Na era da pós-verdade, um jeito elegante de definir a mentira descarada, colocamos para reflexão como Eva enfrentaria os relatos sobre ela.
A provocação sobre o que pensaria Eva foi inspirada na frase de Eduardo Galeano que circula pela Web: se Eva pudesse rescrever o Gêneses acusaria Adão de contar mentiras à imprensa.
No entanto, a viagem no tempo é feita exatamente neste Dia Internacional da Mulher para acompanhar como foi construída a imagem do feminino ao longo da história, à parte os ensinamentos religiosos. Hoje, Eva seria militante pelos direitos da mulher e certamente acusaria Adão de espalhar notícias falsas sobre ela – ‘fake news’.
É interessante percorrer a História da Arte e verificar como os artistas interpretavam Eva em suas telas. Observar as expressões na fisionomia e no corpo e situar a obra no momento em que foi criada. A primeira trata-se da Expulsão do Paraíso (Capela Sistina), do pintor renascentista italiano, Michelangelo (1475-1564). Em plena Idade Média, idade das trevas, dos castigos e temor a Deus. Eva de Michelangelo aparece envergonhada….
O também italiano Tiziano, da mesma época, retrata Eva curiosa, buscando a maçã e Adão tentando dete-la com a mão no ombro. Será? Talvez seja pura viagem criativa…
A tela abaixo é de Paul Gauguim, do início do século XX – 1902. Eva nesta representação está enfrentando sua própria solidão, considerando que Adão, por sua vez, virado de costas demonstra que não é nada companheiro dela. Mais interessante ainda é o personagem feminino colocado no alto. Será Deus feminino, para ele?
Esta litogravura de Salvador Dalí, o gênio da surrealismo na arte, é uma interpretação de Eva um pouco mais leve, apesar da nuvem negra que paira sobre ela. O diálogo fálico da serpente com os dois e a borboleta em tamanho maior para o homem, talvez propõem a força da sexualidade masculina em relação a feminina.
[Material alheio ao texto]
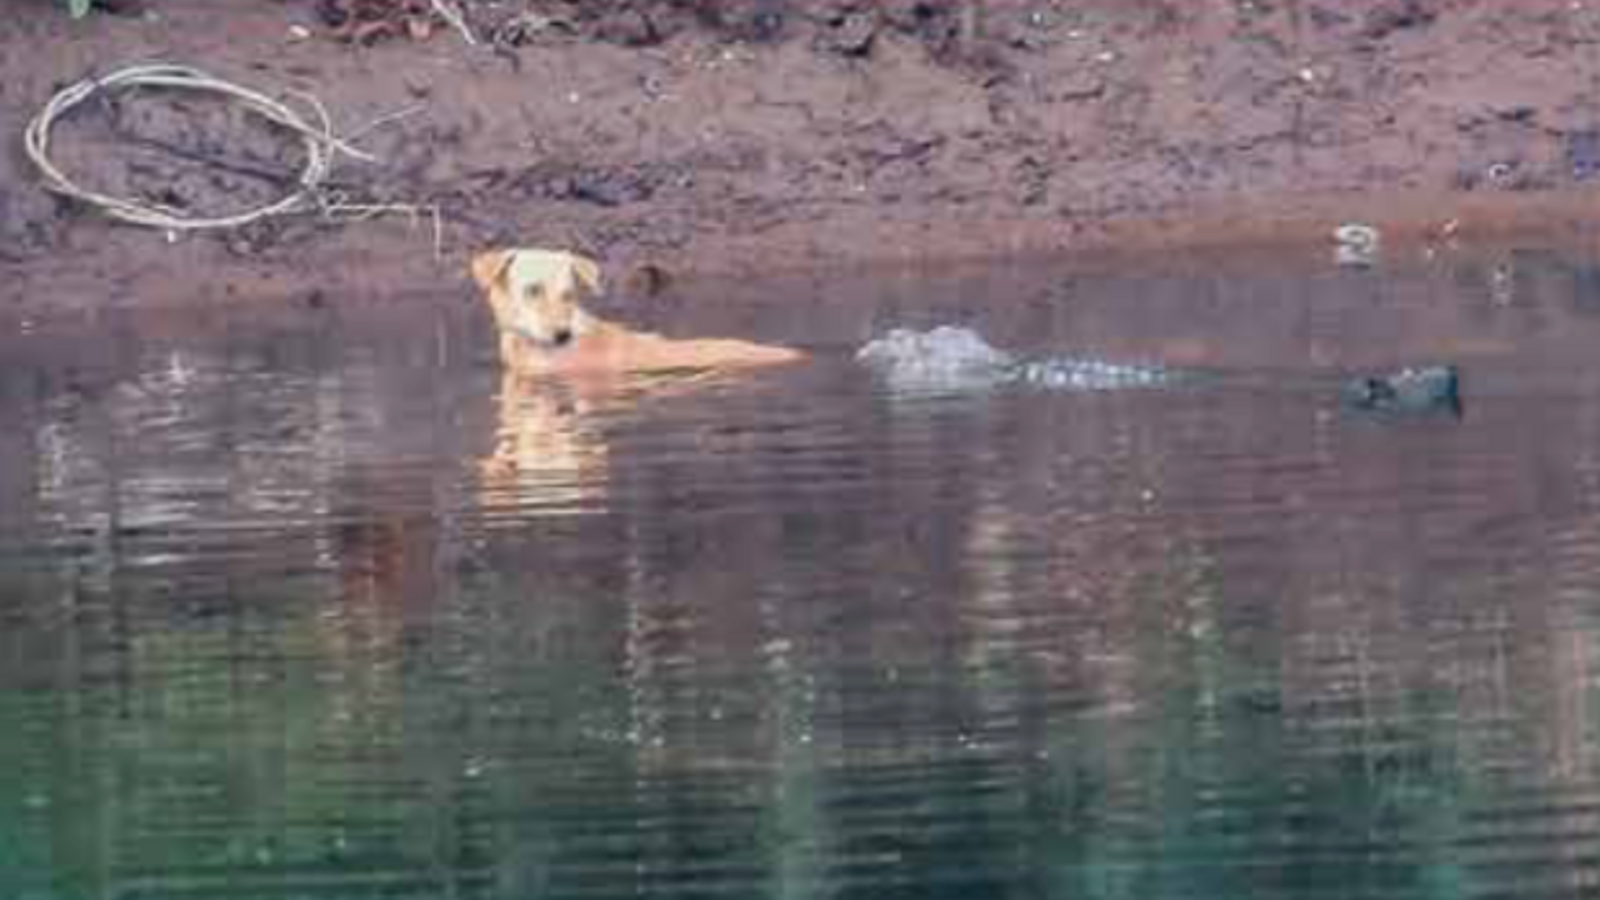 Hidhet në lumë për shkak të qenve të egër, qeni shpëtohet nga krokodilët!

Muito instigante este símbolo cobrindo as genitálias.
Adão e Eva, de Ismael Nery, o único considerado surrealista no Brasil, revela nossa brasilidade. Também é do início do século XX. A negritude do casal e a descontração de Eva. Sinceramente, Nery em sua criação, representou um Adão, aparvalhado, como podemos dizer anestesiado. Eva com uma certa vergonha ao cobrir-se timidamente., embora firme carregando o seu homem.
Ahhh… Aqui apreciamos o colombiano, Fernando Botero, com seus personagens gordos. Fantástico em suas interpretações, Botero revela que algumas vezes na sua pintura os temas são deformados e parece dar a impressão que faz uma sátira. “Isso não é verdade. As deformações em minha obras, tem fundamento numa inquietude estética por razões estilísticas”.
Cá pra nós, as obras de Botero são consideradas críticas sociais, políticas e de costumes. Observem atentamente esta obra e constatem que tanto Adão como Eva estão com o olhar no mesmo nível, cada qual com sua maçã e a serpente tentando alcança-las e um detalhe: Eva está com a maçã mordida. Ousada mulher!
Botero fez esta obra em 2005, em pleno século XXI, com toda a transformação e o grau de igualdade da mulher em relação ao homem. A maçã foi uma escolha dos dois e a cumplicidade no olhar revela que estão muito juntos nesta história. Legal não acham?
Para encerrar este percurso buscando a imagem de Eva na História da Arte, colocamos intencionalmente a escultura do casal etrusco, em terracota, que hoje encontra-se no Museu de Vila Júlia de Roma. Não refere-se ao tema Adão e Eva, embora tenha o sentido de significar o papel da mulher na arte e na história.. A mulher etrusca ,segundo relatos dos filósofos e historiadores da antiguidade, Teopombo de Chio e Aristóteles, era culta, independente e livre.
O misterioso povo etrusco viveu ao sul do rio Amo e ao norte doTibre, mais ou menos nas áreas equivalentes a Toscana, Lácio, Campana e Umbria, na Itália, em torno do século VI a. C. Isso mesmo, antes de Cristo, na mais remota antiguidade, as mulheres tinham voz nos votos, ao lado dos companheiros nas festas, escolhiam seus parceiros para ter filhos. Uma civilização que foi praticamente apagada da história e as mulheres, por sua vez, interpretadas pelos arqueólogos como libertinas e promíscuas pelas figuras encontradas nas tumbas.
Mas é assunto para o próximo artigo!